La crise en Ukraine se poursuit, et l’Union européenne a décidé d’utiliser la commande publique comme arme de sanction. Le règlement n° 2022/576 du Conseil du 8 avril 2022 vise ainsi les contrats dont le montant est égal ou supérieur aux seuils européens. Certains contrats exclus du champ des directives, parmi lesquels les concessions portant sur la location ou l’acquisition de bâtiments existants ou encore les marchés passés à fins de revente ou de location d’eau ou d’énergie à des tiers sont également concernés.

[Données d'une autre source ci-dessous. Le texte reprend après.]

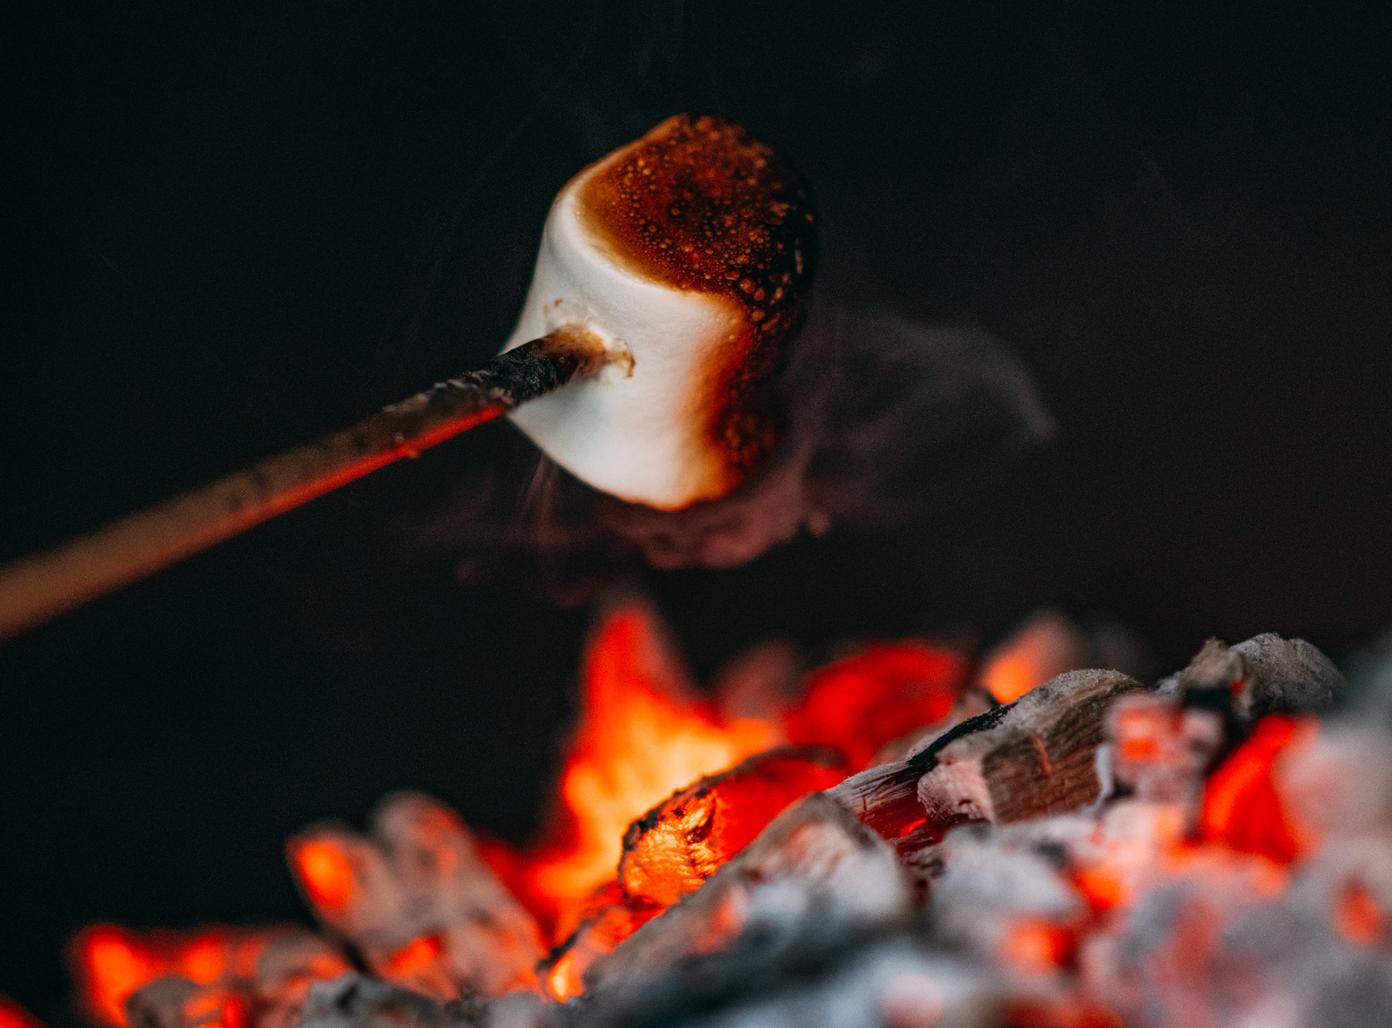 Marshmallow toasting on fire

Interdiction d’attribuer ou de poursuivre l’exécution d’un contrat
Dans une fiche technique publiée sur son site Internet, la Direction des affaires juridiques de Bercy souligne que depuis le 9 avril 2022 (lendemain de la publication du règlement), les pouvoirs adjudicateurs, entités adjudicatrices et autorités concédantes ont l’interdiction d’attribuer ou de poursuivre l’exécution d’un contrat dans quatre hypothèses :
- si l’attributaire est un ressortissant russe ou une personne physique ou morale, une entité ou un organisme établi sur le territoire russe ;
- si l’attributaire est détenu à plus de 50 %, et de ce manière directe ou indirecte, par une entité établie sur le territoire russe ;
- si l’attributaire est une personne physique ou morale, une entité ou un organisme agissant pour le compte ou sur instruction d’une entité établie sur le territoire russe ou d’une entité détenue à plus de 50 % par une entité elle-même établie sur le territoire russe ;
- si le sous-traitant, le fournisseur ou toute entité aux capacités de laquelle il est recouru se trouve dans l’un des trois cas susmentionnés, et le montant de ses prestations représente plus de 10 % de la valeur du marché.
Pour identifier les opérateurs économiques concernés par ces sanctions, la DAJ de Bercy donne quelques conseils. Elle explique notamment qu’il peut être utile de se reporter à l’adresse et à l’immatriculation qui figurent dans l’acte d’engagement, l’offre, ou dans les données relatives à la candidature. Autre précision : concernant la détention directe ou indirecte du capital d’une société, « il conviendra de se référer aux règles du droit des sociétés ou des associations puis d’effectuer les recherches correspondantes ».
Exceptions sectorielles
Plusieurs exceptions sectorielles à ces règles sont à noter. Certaines sont directement énumérées, telle la coopération intergouvernementale dans le domaine des programmes spatiaux ou encore l'achat, l'importation ou le transport de gaz naturel et de pétrole, y compris de produits pétroliers raffinés, ainsi que de titane, d'aluminium, de cuivre, de nickel, de palladium et de minerai de fer depuis ou via la Russie vers l'Union. Le règlement prévoit également une exception générale qui devra préalablement avoir été autorisée, au cas par cas, par l’autorité de contrôle nationale : pour la France, il s’agit des services de la Direction générale du Trésor.
Résiliation des contrats en cours
Le règlement du 8 avril impose, par ailleurs, de résilier tout contrat passé avec des entités russes et qui aurait été conclu avant le 9 avril 2022. Les acheteurs et les autorités concédantes ont jusqu’au 10 octobre 2022 pour procéder à cette résiliation qui ne pourra pas donner lieu à indemnisation des cocontractants visés par les sanctions.
A noter enfin que l’acheteur qui ne respecte pas ces règles s’expose à des sanctions pénales et notamment une peine d’emprisonnement de cinq ans.